Despite high profits, the appetite of MNEs for investing in new productive assets overseas remained weak. While infrastructure-oriented international project finance was up 68% and cross-border M&As were up 43% in 2021, greenfield investment numbers increased by only 11%, still 20% below pre-pandemic levels. The value of greenfield announcements overall rose by 15% to $659 billion but remained flat in developing countries at $259 billion – at the lowest level ever recorded. This is a concern, as new investments in industry are crucial for economic growth and development prospects.

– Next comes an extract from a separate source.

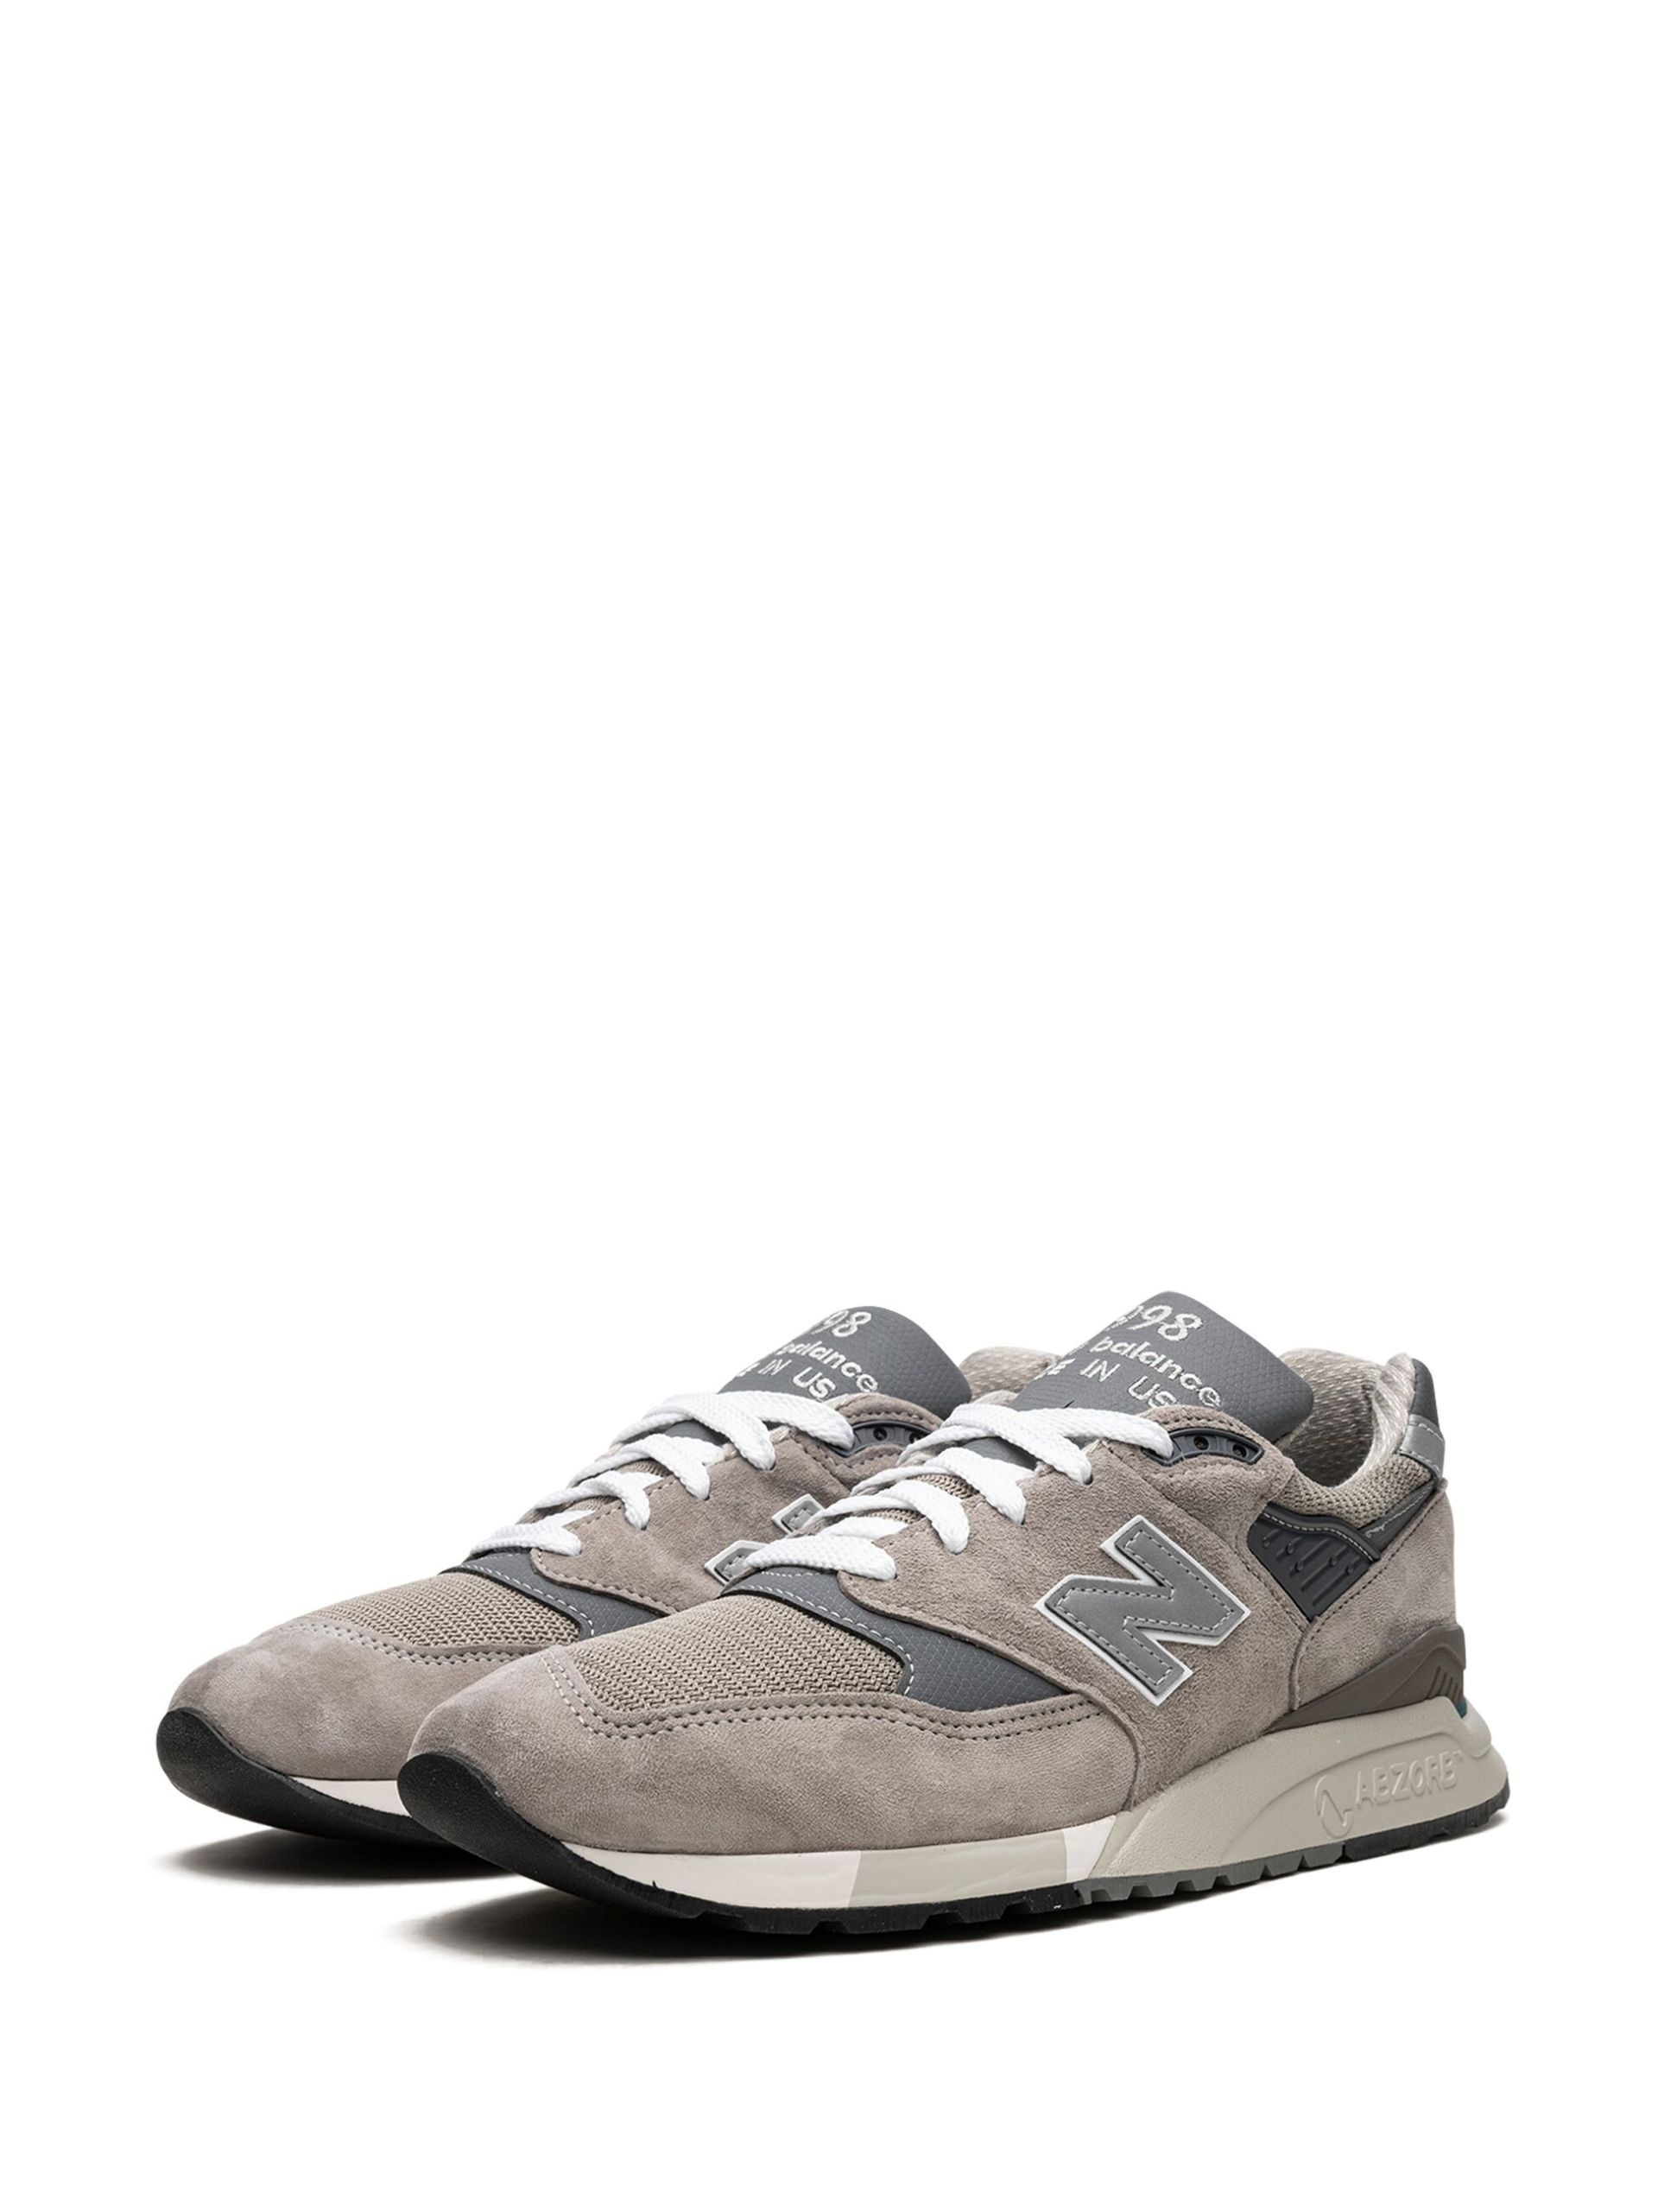 Grey 998 Made In USA Suede Sneakers - 5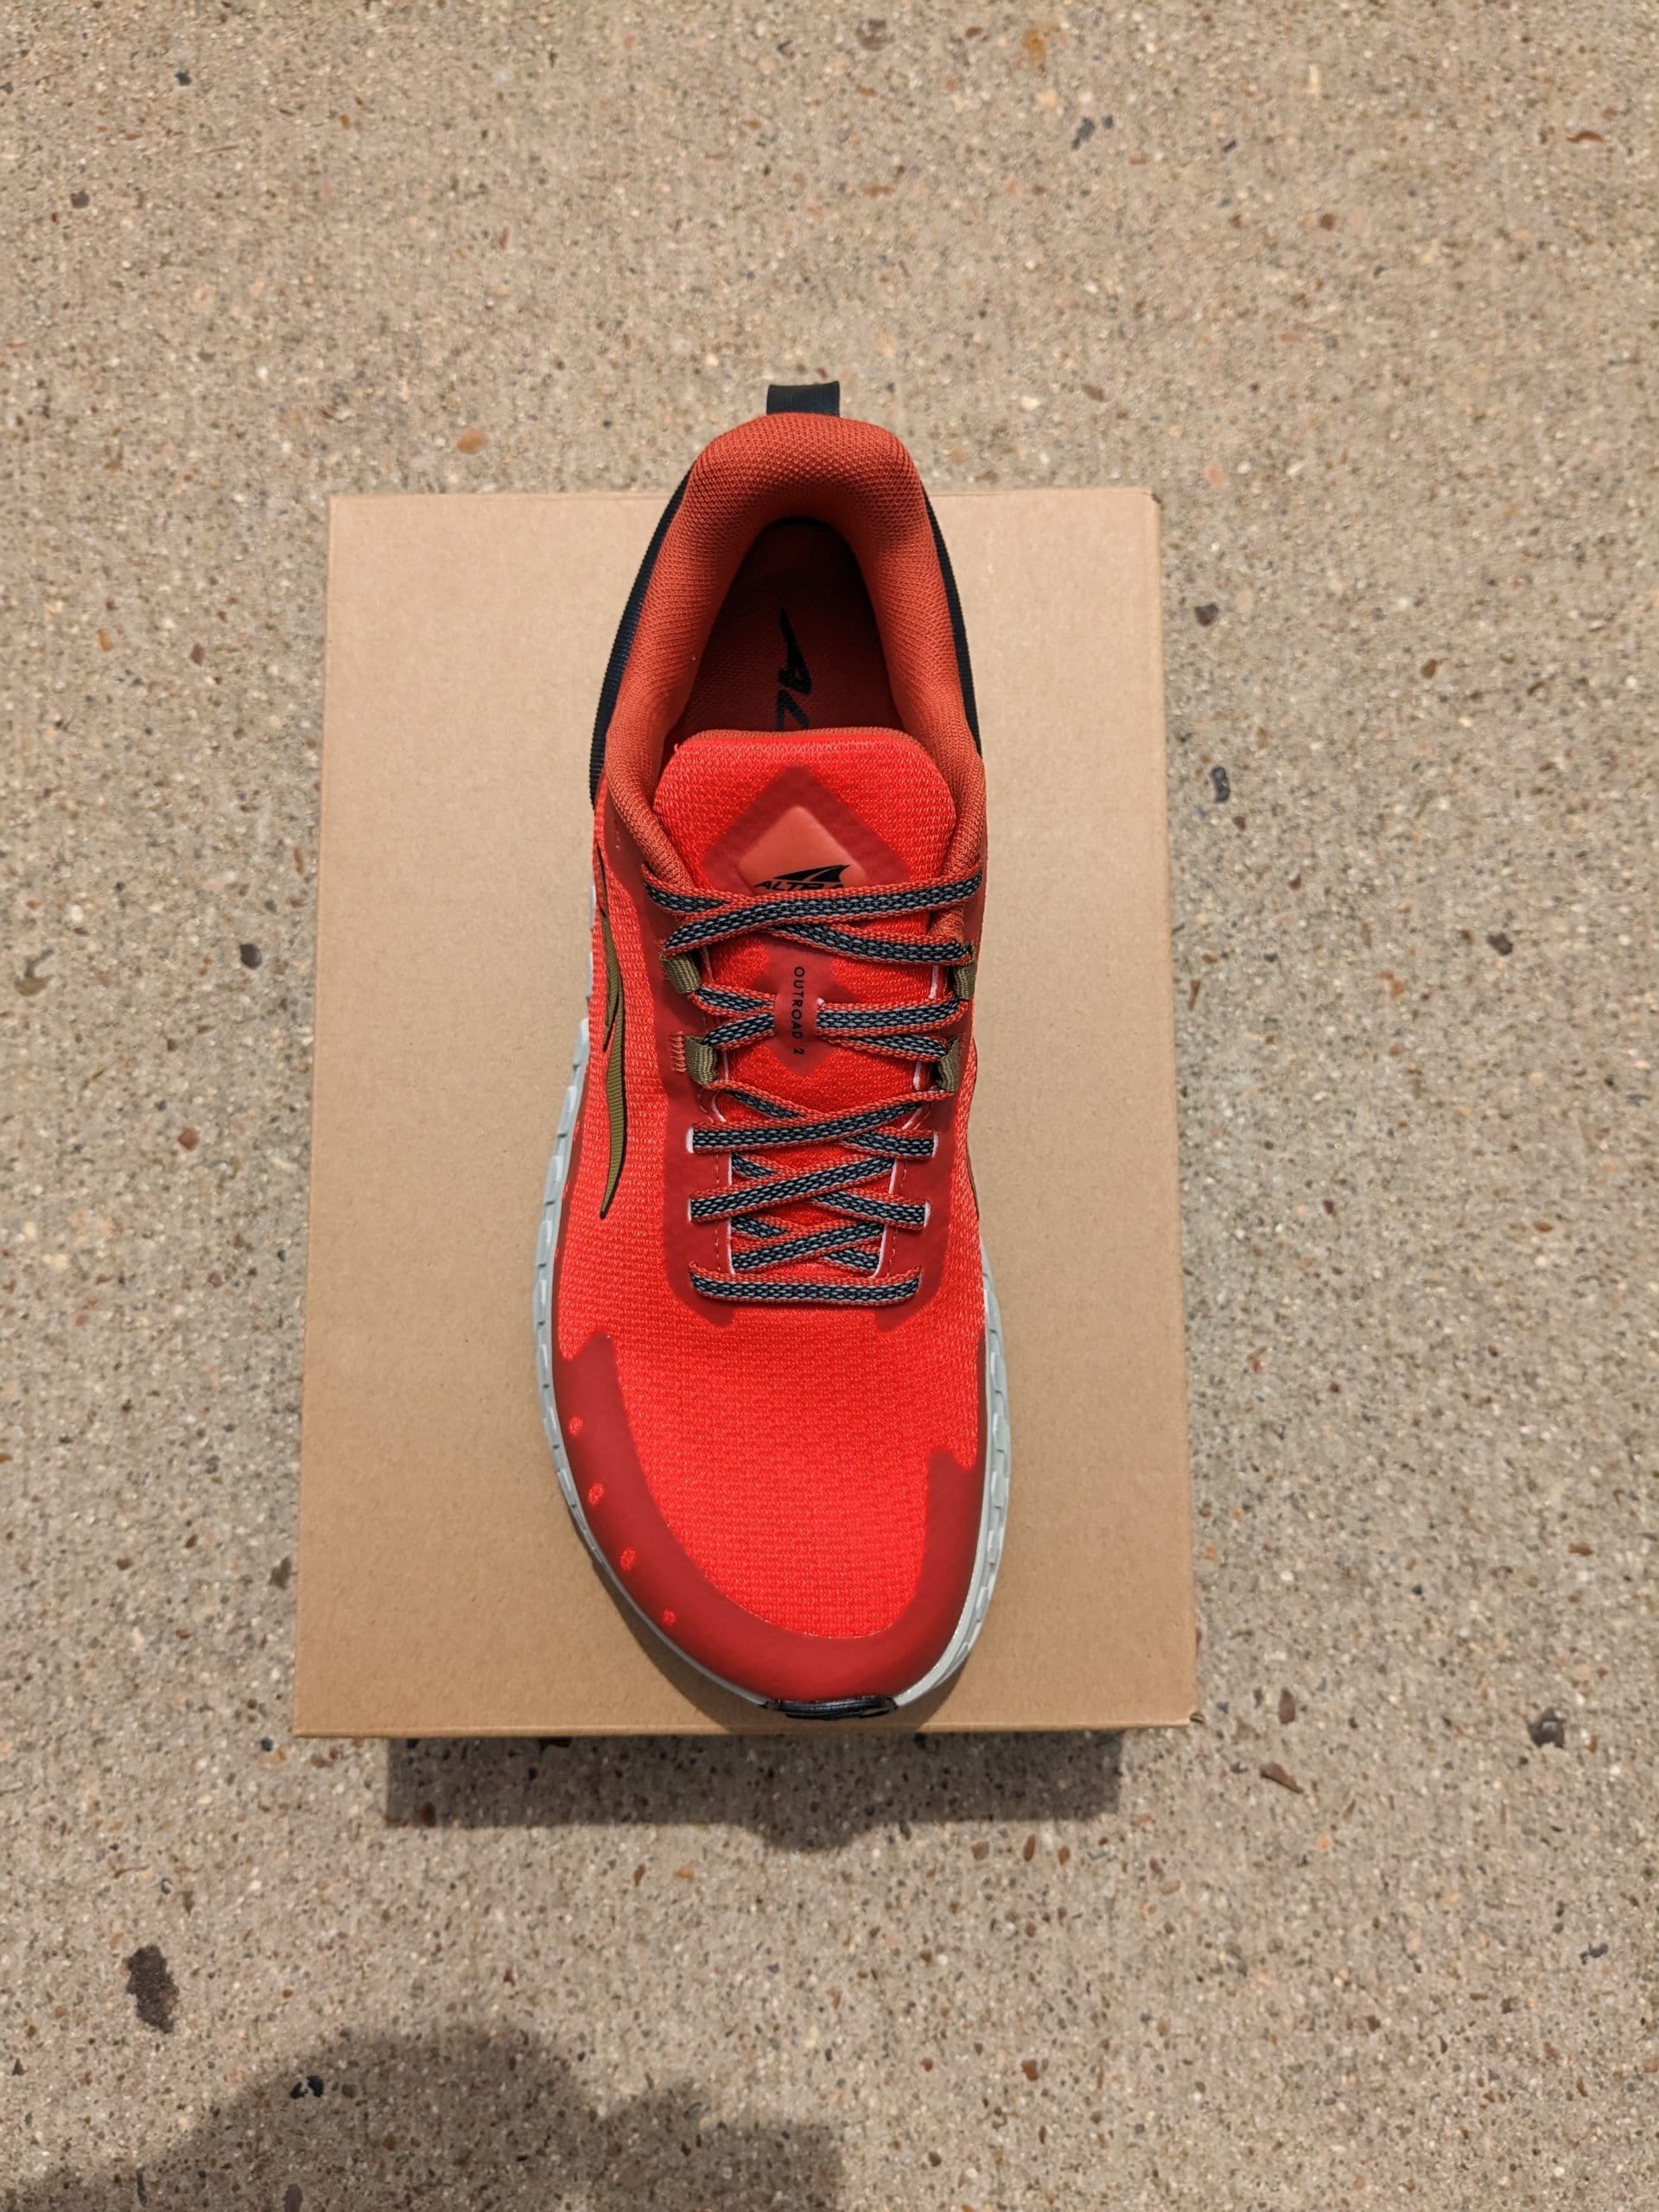 Altra Outroad 2 Review upper

FDI flows to developing economies grew more slowly than those to developed regions but still increased by 30%, to $837 billion. The increase was mainly the result of strong growth performance in Asia ($619 billion), a partial recovery in Latin America and the Caribbean ($134 billion), and an upswing in Africa ($83 billion). The share of developing countries in global flows remained just above 50%. As of 2021, top 5 FDI inflows host economies include the US ($367 bln), China ($181 bln), Hong-Kong ($141 bln), Singapore ($99 bln), Canada ($60 bln).
Regional outflows trends
In 2021, MNEs from developed economies more than doubled their investment abroad from $0.5 to $1.3 trillion. Much of the increase was driven by record reinvested earnings and high levels of M&A activity. Aggregate outward investment by European MNEs rebounded from the anomalously low level in 2020 of -$21 billion to $552 billion. Outflows from North America reached a record $493 billion. MNEs from the United States increased their investment abroad by 72%, to $403 billion. Outward FDI from other developed countries rose by 52% to $225 billion, mainly because of increases from Japanese and Korean MNEs. Developing Asia remained a major source of investment even during the pandemic. Outward FDI from the region rose 4 % to $394 billion, contributing to almost a quarter of global outflows in 2021. As of 2021, top 5 FDI outflows home economies include US ($403 bln), Germany ($152 bln), Japan ($147 bln), China ($145 bln), UK ($108 bln). SDGs investment trends International investment in sectors relevant for the Sustainable Development Goals (SDGs) in developing countries increased substantially in 2021, by 70%. The combined value of greenfield announcements and international project finance deals in SDG sectors exceeded the pre-pandemic level by almost 20 %. However, most of the growth went to renewable energy. Investment activity saw only a partial recovery in other SDG-related sectors – as measured by project numbers and compared with pre-pandemic levels – including infrastructure (-11%), food and agriculture (-35%), health (-25%), and Water, sanitation and hygiene -WASH (-9%). In LDCs, the SDG investment trend is less favourable than in other developing economies, and the detrimental impact of the pandemic persists. The share of total SDG investment in developing countries (both greenfield and international project finance values) that went to LDCs decreased from 19% in 2020 to 15% in 2021.
Renewable energy and energy-efficiency projects represent the bulk of climate change investments. More than 60% is invested in developed countries, where 85 % of projects are purely privately financed. In contrast, almost half of the projects in developing countries require some form of public sector participation. International project finance is increasingly important for SDG and climate change investment. The strong growth performance of international project finance can be explained by favourable financing conditions, infrastructure stimulus and significant interest on the part of financial market investors to participate in large-scale projects that require multiple financiers. The instrument also enables governments to leverage public investment through private finance participation.